The shows Mick Molloy is best known for wouldn’t have happened without the lessons he’d learned from being sacked from other jobs, he says.

Mick Molloy says being fired has only fuelled him. Picture: Jake Nowakowski
Mick Molloy says being fired has only fuelled him. Picture: Jake Nowakowski

Mick Molloy says he’s learned lessons from every sacking in the cut throat TV and radio game.

“They’re always brutal,” Molloy told the Herald Sun’s Sacked: Showbiz podcast. “The end game is, ‘You’re not good enough, we don’t want you.’ It’s hard.”

He adds: “You know the odds in this business. Boo hoo.

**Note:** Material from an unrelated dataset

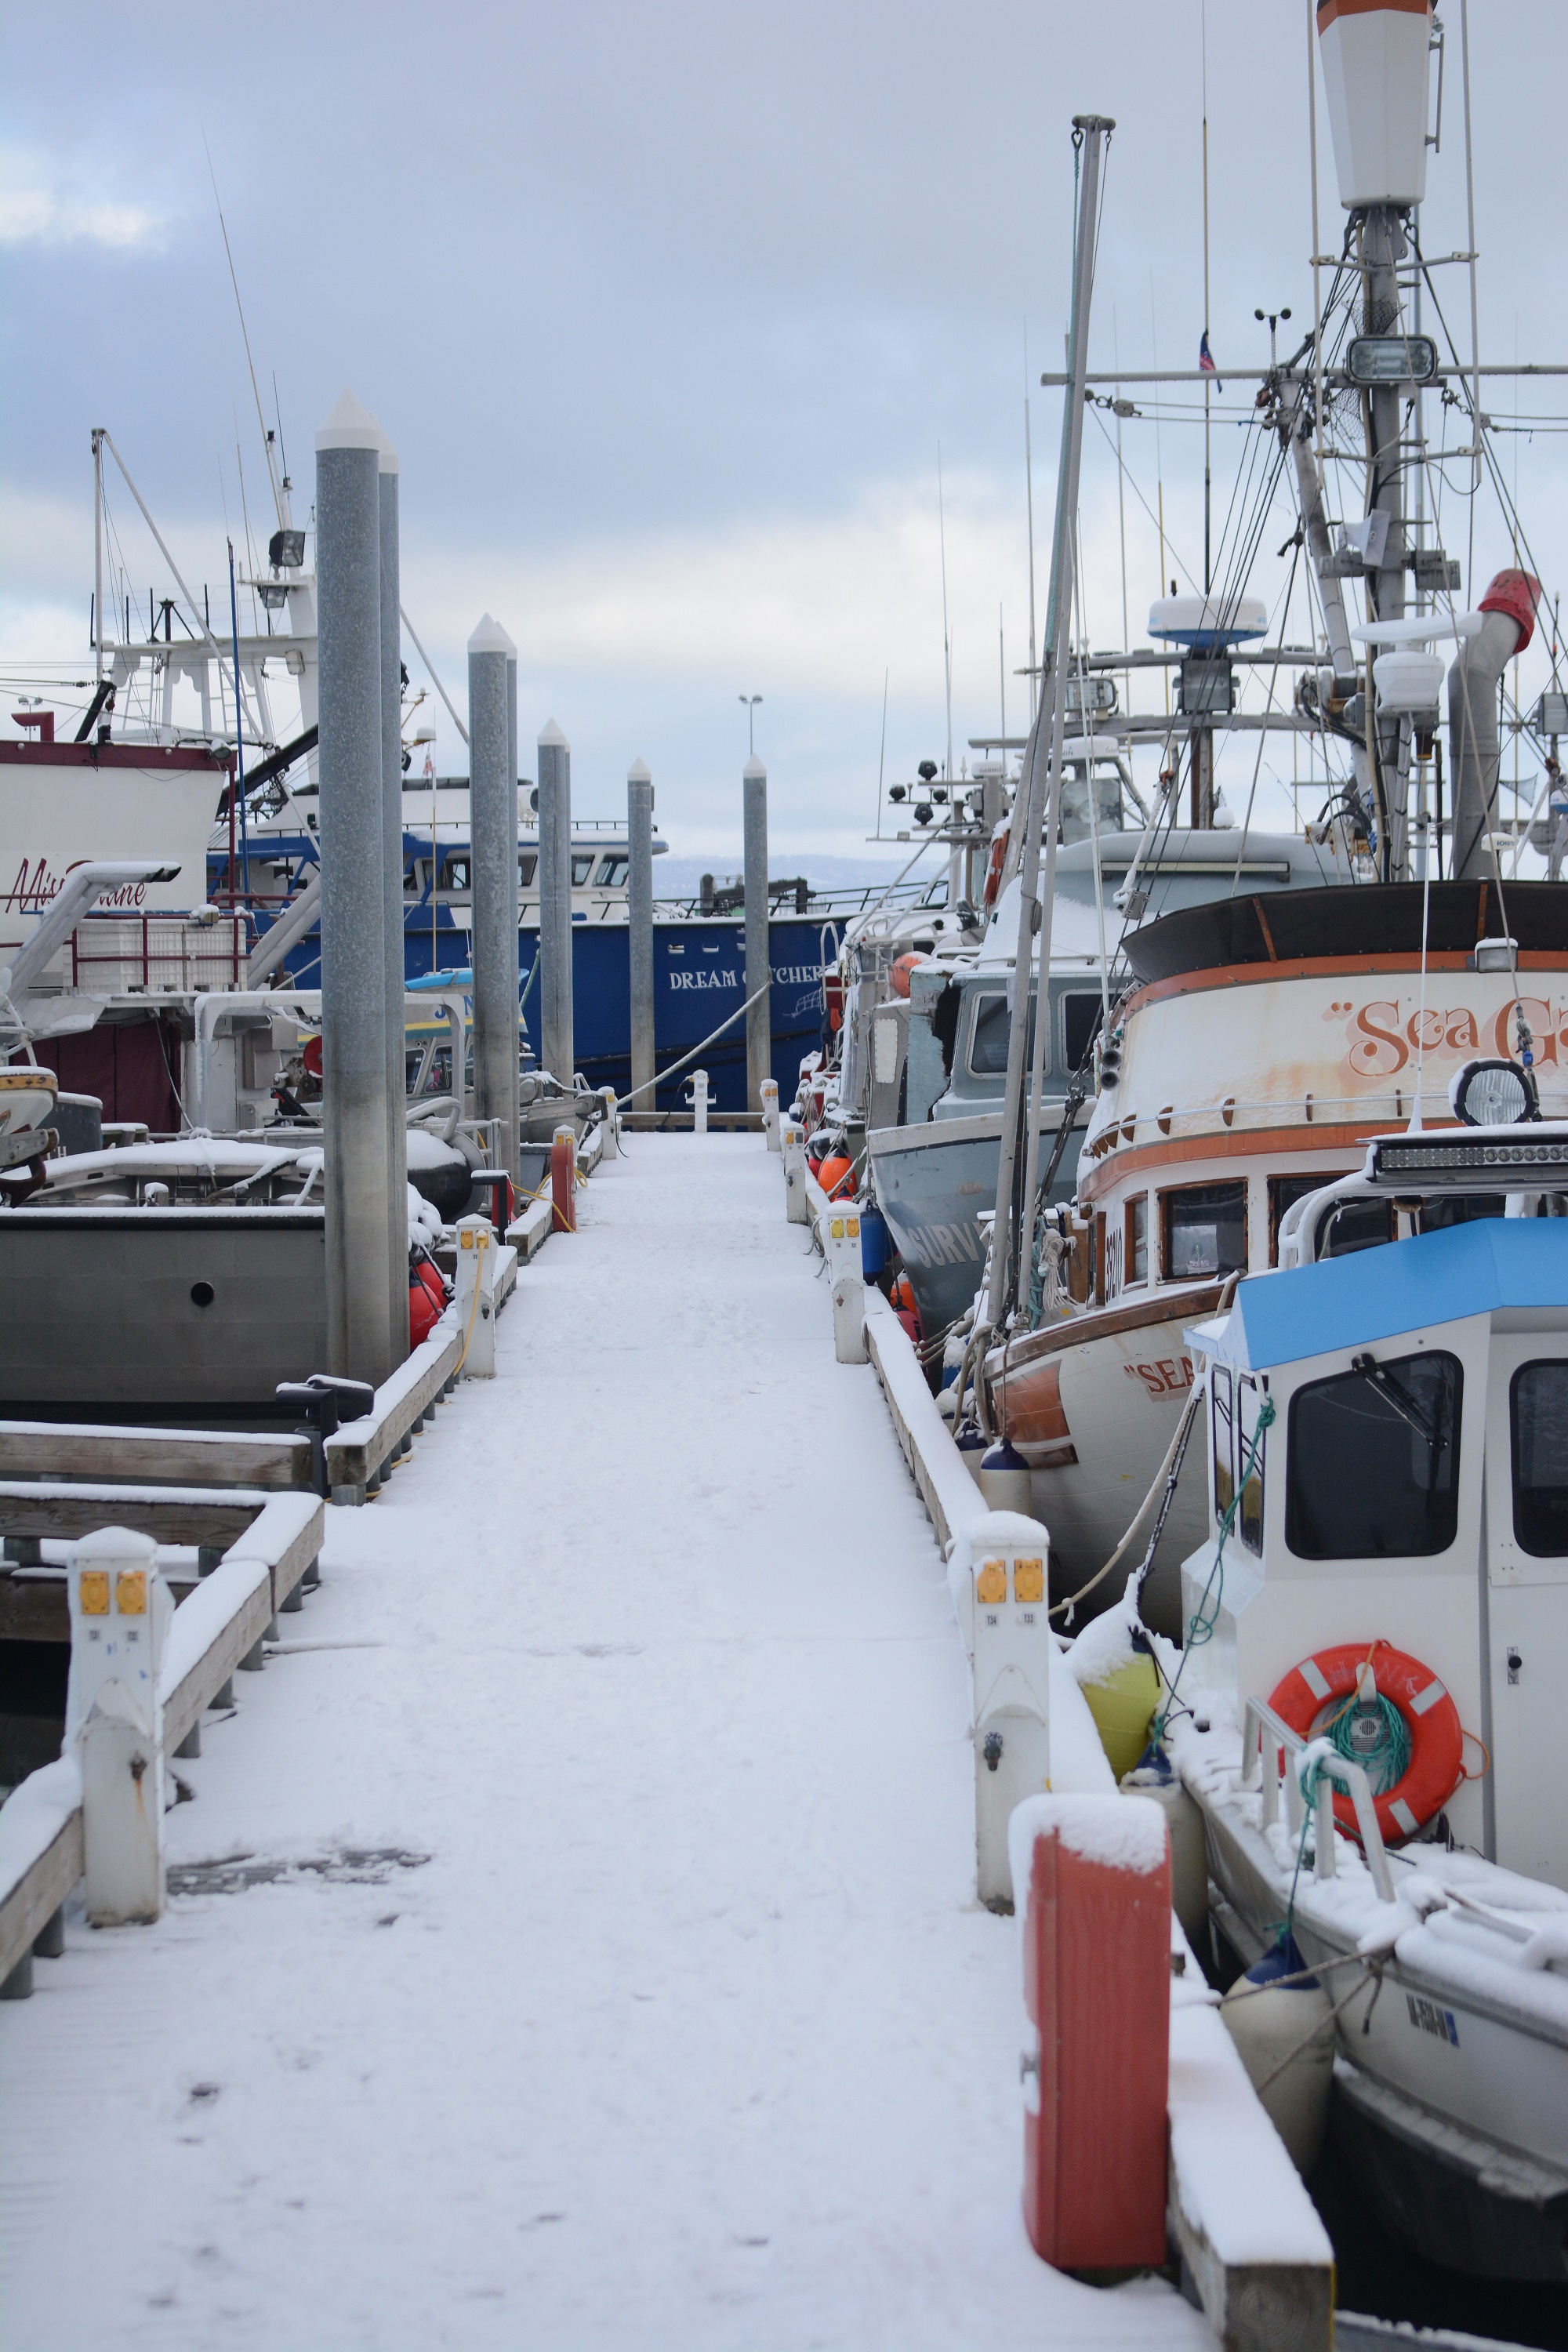 Fresh snow covers boats and ramps at the Homer Harbor on Monday. The first snowfall of the season hit Homer on Oct. 17, causing numerous accidents on the lower Kenai Peninsula.-Photo by Michael Armstrong, Homer News

They can’t all be winners.”

Molloy, co-host of Channel 7’s The Front Bar, and Triple M’s top rating Kennedy Molloy program, was sacked from Channel 9 twice (The Mick Molloy Show and The Nation), Channel 7 once (D-Genocide), and “didn’t have a show renewed” by Triple M.

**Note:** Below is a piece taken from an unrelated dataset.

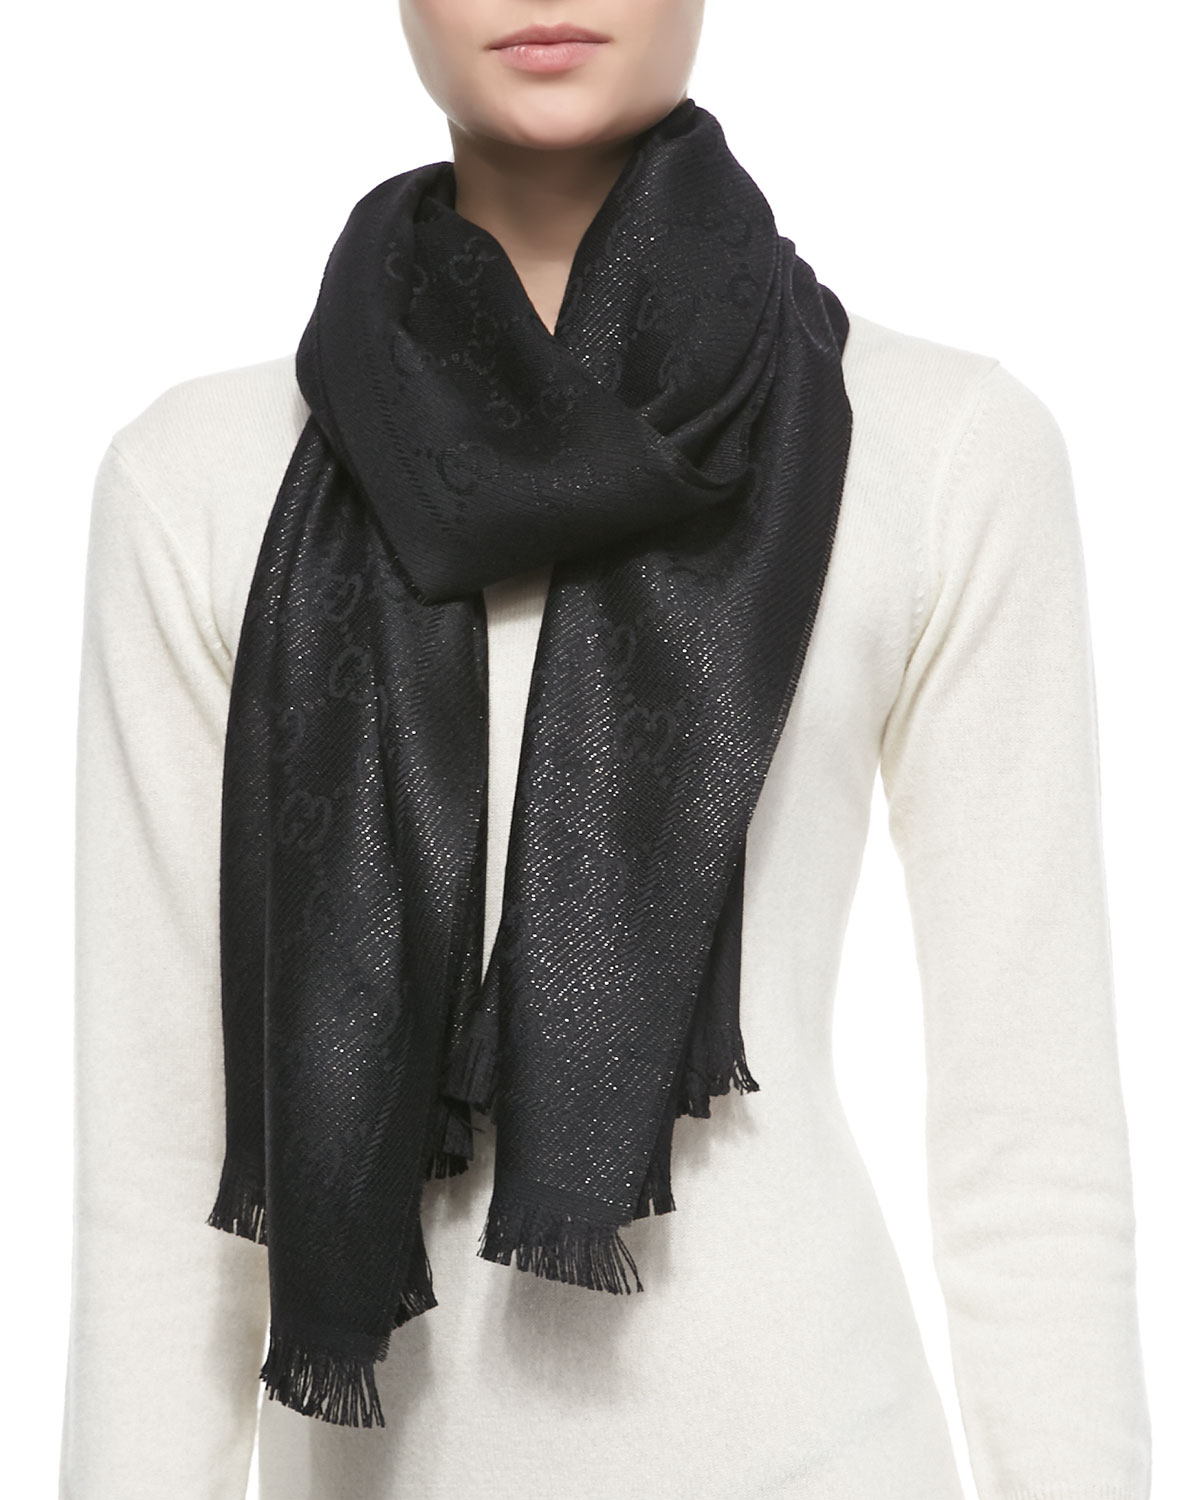 Gucci Shimmery Gg Pattern Scarf in Black | Lyst

Molloy said he found the lesson in every misstep and used it to fuel his next move.

After his first Channel 9 dismissal, Molloy made a film, Crackerjack.

After the second one, Molloy personally paid staff and crew because he’d taken them from other work, only to have The Nation axed.

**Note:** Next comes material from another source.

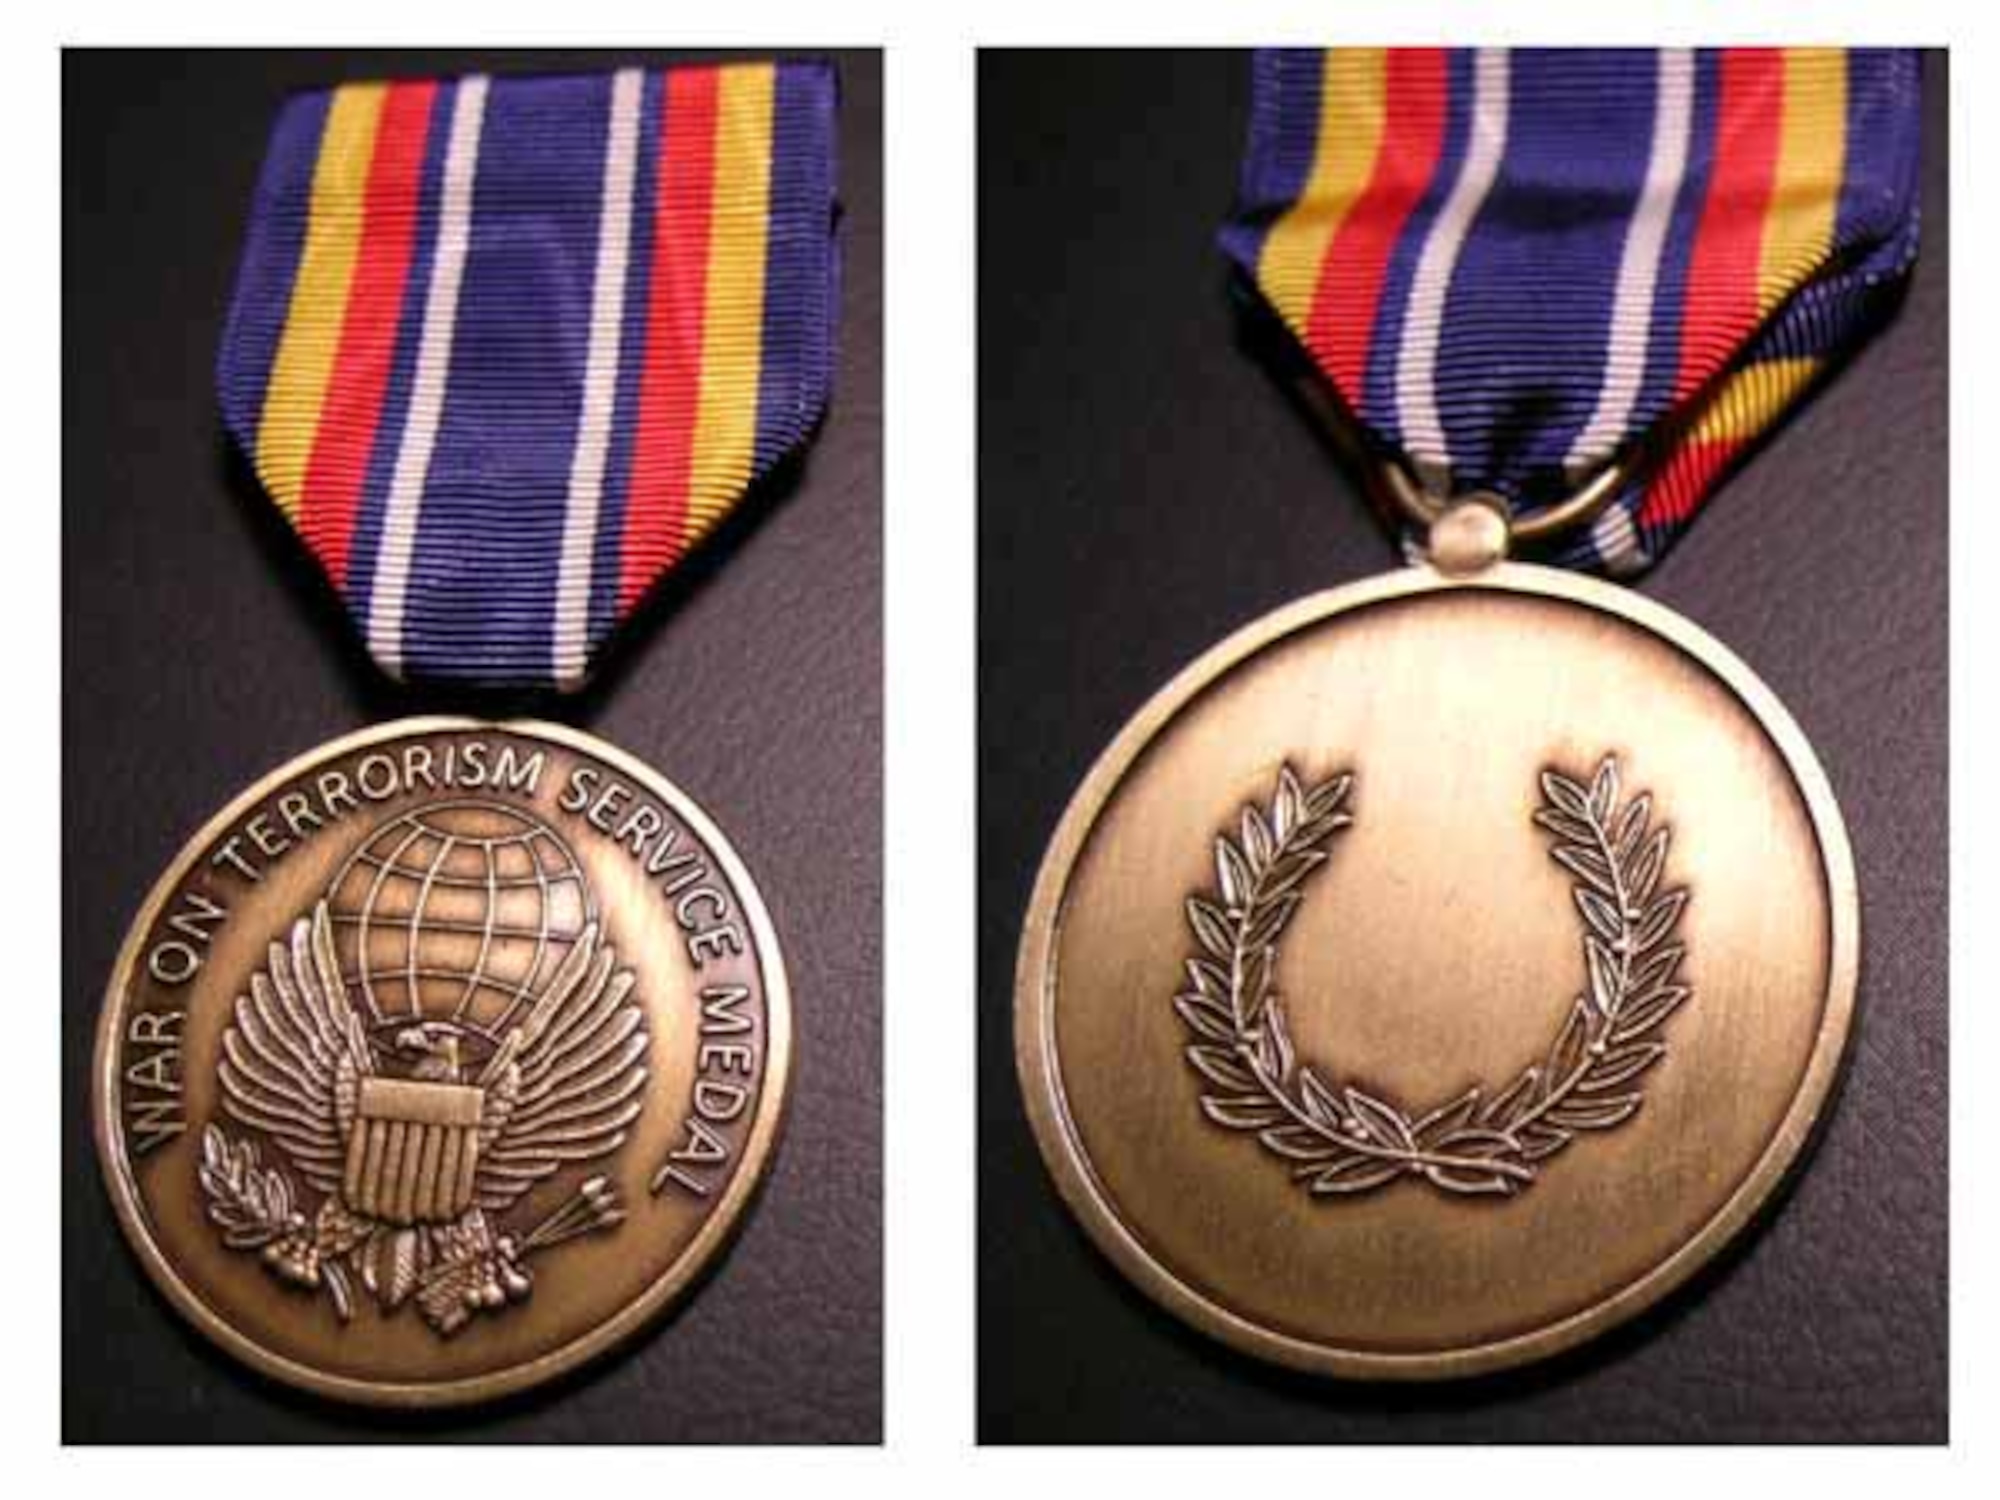 WASHINGTON -- The Global War on Terrorism Service Medal has an eagle and wings display, with a terrestrial globe and the inscription "War on Terrorism Service Medal."  The reverse side features a laurel wreath.  The medal's final approval was announced Feb. 26.  (Courtesy photo)

“When they were no longer working for me, I felt a real responsibility,” Molloy said. “I kept the staff on for five weeks on full play, which I was paying out of my own pocket, because I felt it wasn’t fair.

“It was another way of getting the band back together and keeping my key group employed.”

In a career of highs and occasional lows, Molloy has skilfully shifted between jobs in television, radio, movies and the stage.

“That’s another good tactic of mine; being a moving target,” Molloy said, laughing.

But every experience has added to Molloy’s cache, and the hard knocks of the past taught him to stand up for The Front Bar.

“I can name five times when that show was on the ropes, when it could have gone the other way,” Molloy says. “If I had less experience under the belt, it probably would have gone the other way.”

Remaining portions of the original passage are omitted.